“If I fail, God will, I hope, have mercy upon me, for nobody else will.”
Wellesley.
Soult, joined by Mortier and Ney, had some 50,000 men with which to face the victor of Talavera. Had Cuesta guarded the mountain passes as he was supposed to do, Wellesley would not have found himself in so awkward a predicament. Both his front and rear were threatened, the former by Victor and Sebastiani and the latter by Soult. While his ranks were sadly depleted, those of the French were augmented. By great good fortune General Craufurd and his celebrated Light Division arrived on the morning of the 29th July, the day following the conclusion of the battle.
Rumour proved on this occasion a powerful ally of the Commander-in-Chief, for had not Craufurd heard of the supposed death of Sir Arthur, it is scarcely likely that he would have urged his men, each loaded with forty pounds weight on his back, to march forty-three English miles in twenty-two hours. Wellesley made up his mind to advance against Soult, but was forced to abandon the idea when he heard that the enemy had entered Plasencia in great force, thereby severing the British communications with Lisbon. A retreat “to take up the defensive line of the Tagus” became eminently necessary. “We were in a bad scrape,” he writes on the 8th August, “from which I think I have extricated both armies; and I really believe that, if I had not determined to retire at the moment I did, all retreat would have been cut off for both.” “Both,” of course, includes the Spaniards, whose “train of mismanagement,” added to Soult’s advance, were contributing causes of his withdrawal.
The Spaniards promised to remain at Talavera to watch the movements of the enemy and to assist the wounded. No sooner was Wellesley out of the way than Cuesta felt that the position was untenable, with the result that many British soldiers, rendered unable to keep up with the Spanish troops by reason of their wounds, were made prisoners by Victor, who soon afterwards took possession of the town.
The Tagus was crossed at Arzobispo, and a rearguard of 8000 Spaniards, under Cuesta, left to defend the passage. At Almarez the bridge of boats was broken to arrest Soult’s advance from Naval Moral, no great distance away, and on the high road. As it happened, the French Marshal was able to cross the river at Arzobispo by means of a ford. He promptly defeated the Spanish force there and captured their guns. Not a few of the defenders fled, throwing away their arms and clothing, a very usual device. This was followed by the defeat of Venegas by Joseph and Sebastiani at Almonacid, near Toledo, where several thousand men were either killed, wounded, or captured, and of a Portuguese and Spanish column which had been detached from the main army, under Sir Robert Wilson, by Ney at the Puerto de Baños.
In the middle of August 1809 the various armies were occupying the following positions: British, Jaraicejo; Eguia, Deleytosa; Vanegas, La Carolina; Ney, Salamanca; Kellermann, Valladolid; Soult, Plasencia; Mortier, Oropesa and Arzobispo; Victor, Talavera and Toledo; Sebastiani, La Mancha.

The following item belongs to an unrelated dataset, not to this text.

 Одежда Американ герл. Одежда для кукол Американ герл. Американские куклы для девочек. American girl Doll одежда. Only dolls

The storm was followed by a lull, for the contesting armies were all but worn out and required rest. Wellesley made his headquarters first at Deleytosa, and, when that place was vacated on the 11th, at Jaraicejo; the Spanish made the former town their headquarters, and the Portuguese army, under Beresford, withdrew within their home frontier.
“While the army remained in this position,” namely, Deleytosa, General Sir George T. Napier records: “We suffered dreadfully from want of food; nothing but a small portion of unground wheat and (when we could catch them) about a quarter of a pound of old goats’ flesh each man; no salt, bread, or wine; and as the Spaniards had plundered the baggage of the British army during the battle of Talavera, there was nothing of any kind to be procured to help us out, such as tea or sugar.”[54] These defects the General determined to remedy, for “no troops can serve to any good purpose unless they are regularly fed,” a maxim equivalent to that of Napoleon that “an army moves on its stomach.”

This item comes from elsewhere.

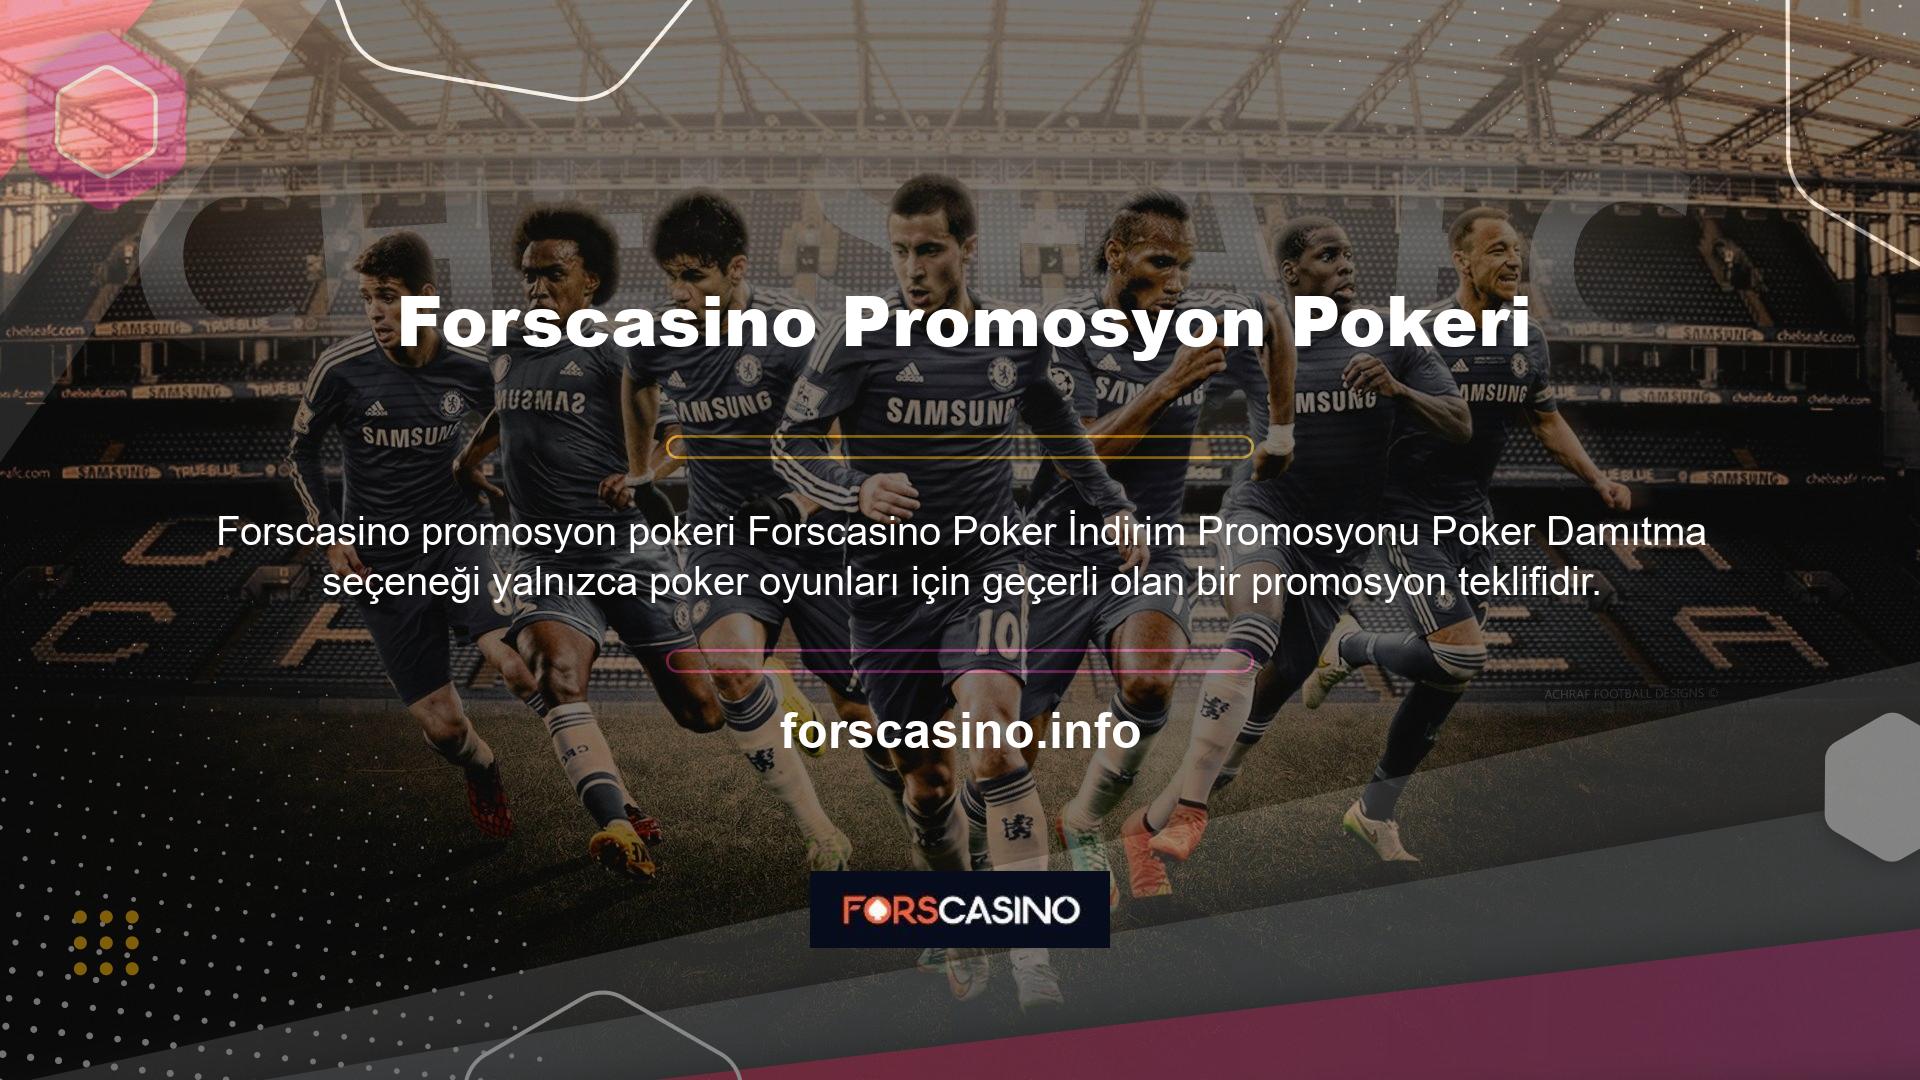 Masa oyunu komisyonunun bir kısmı iade edilecektir Yabancı casino siteleri yabancı oyunlar gibi promosyonlar sunmaktadır

Cuesta resigned his command, which was given to Eguia, but from henceforth the British Commander placed his sole reliance on his own forces. The lack of co-operation in the combined army was also evident in that of the French, for the various marshals had separated, and, to Napoleon’s disgust, lost a golden opportunity of crushing the hated English, which was never again vouchsafed to them. “Force Wellesley to fight on every possible occasion,” was his frequent cry. “Win if you can, but lose a battle rather than deliver none. We can afford to expend three men for every one he loses, and you will thus wear him out in the end.” Wellesley preferred to conserve his energy, not to squander it.
After repeated requests for provisions and means of transport, all more or less evasively answered by the Spanish authorities, Wellesley carried out his threat and fell back upon the frontiers of Portugal. Not without a certain suggestion of irony, he was at this time appointed a Captain-General in the Spanish service, and received six Andalusian horses “in the name of King Ferdinand the VIIth.” Shortly afterwards he was notified that he had been elevated to the Peerage, with the titles of Baron Douro of Wellesley, and Viscount Wellington of Talavera. From henceforth we shall style him Wellington, a signature he first adopted on the 16th September 1809.